N15A-T009 TITLE: Towed Magnetic Anomaly Detection (MAD) Aerodynamic Modeling for Rotary Wing Platforms

TECHNOLOGY AREAS: Air Platform, Sensors, Electronics

OBJECTIVE: Develop and validate aerodynamic models and dynamic simulations of Towed MAD systems from rotary wing aircraft.

DESCRIPTION: Magnetic Anomaly Detection (MAD) systems are used on U. S. Navy airborne Anti-Submarine Warfare (ASW) platforms to detect and track submerged submarines. Normally fixed wing platforms such as the P-3C and its predecessors use an inboard MAD system in a non-magnetic tail boom or stinger to help isolate the aircraft magnetic noise from the sensor.
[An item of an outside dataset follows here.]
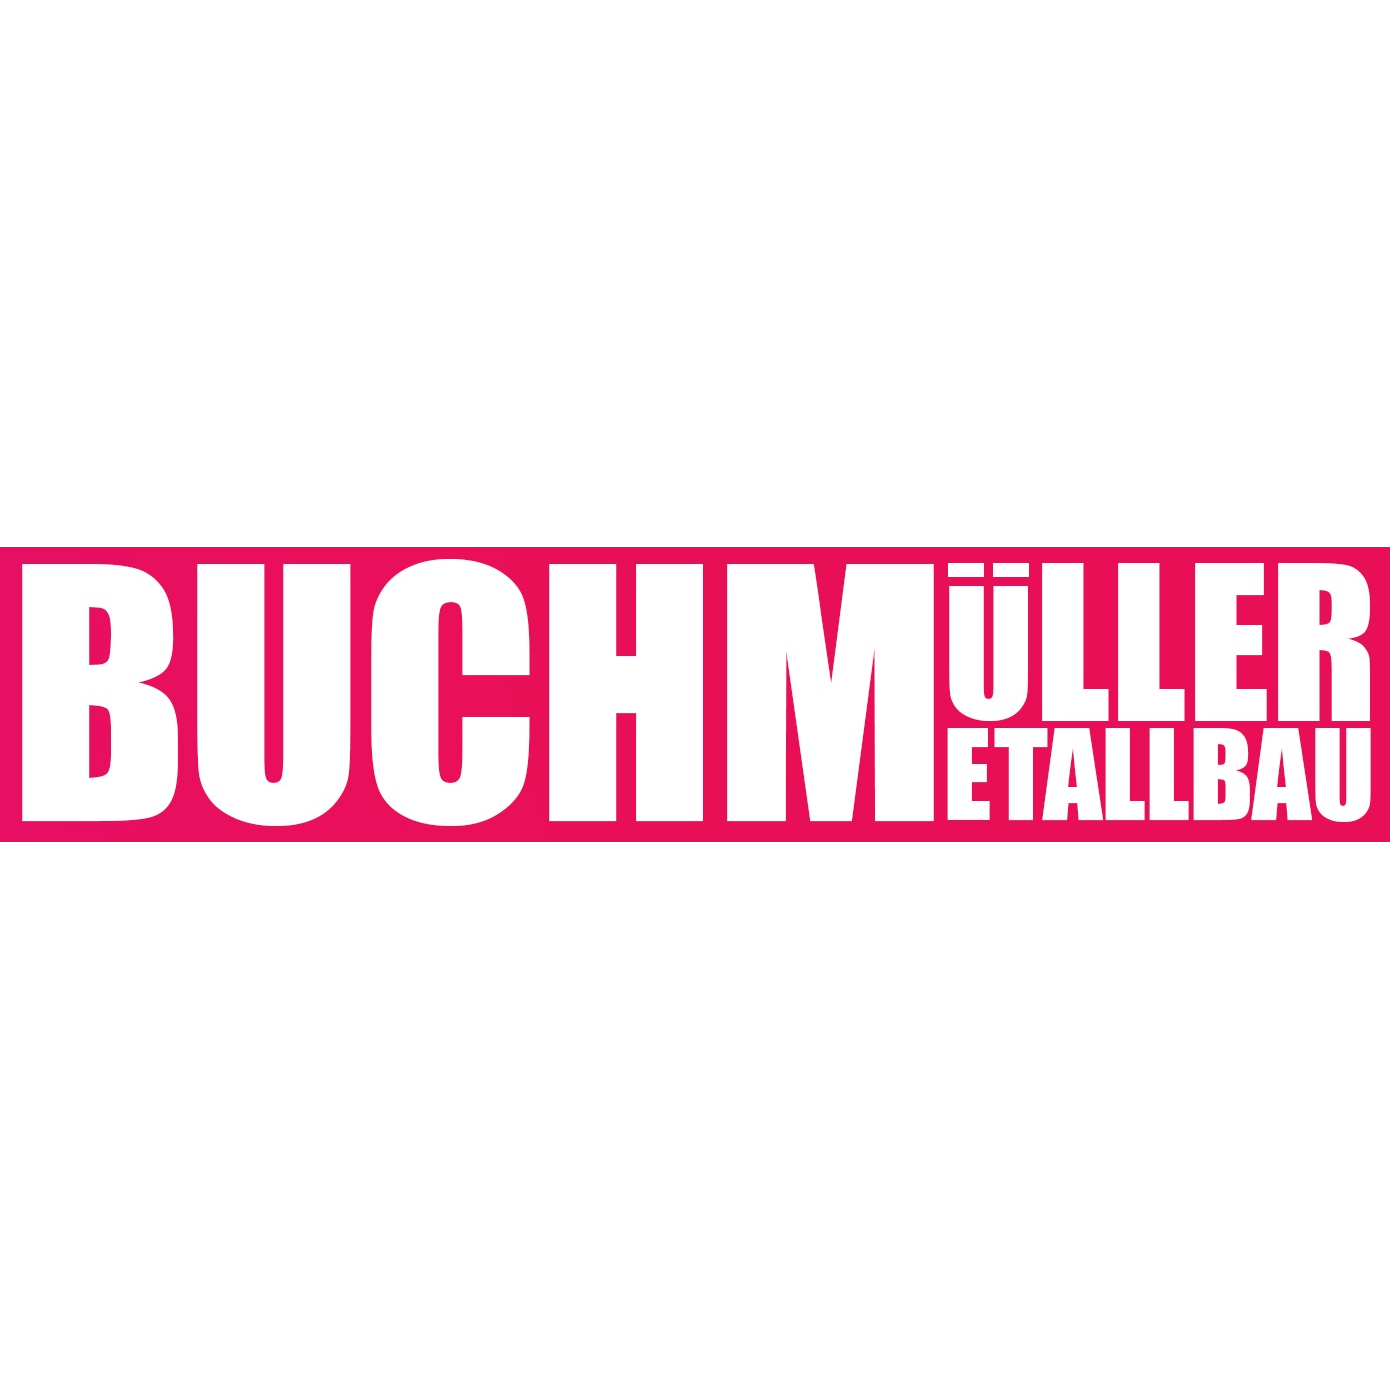 Buchmüller Metallbau in Windeck an der Sieg - Logo

Rotary wing platforms, such as the SH-60B and predecessors, tow the magnetometer approximately180 feet from the aircraft in a non-magnetic tow body, to isolate the sensor from the aircraft magnetic noise. Currently, NAVAIR is proposing the integration of towed MAD systems on MQ-8C Fire Scout and MH-60R/S. The possibilities for a MAD sensor include a sensor similar in size and weight to the ASQ-81 used on the SH-60B and much smaller magnetometers that only weigh a few pounds. There are expressed concerns because these tow bodies are so light and will have minimal drag that they will be adversely affected by the rotor wash when near the aircraft during launch and retrieval causing unstable flight which could damage the tow body and/or aircraft and may trail dangerously close to the tail rotor.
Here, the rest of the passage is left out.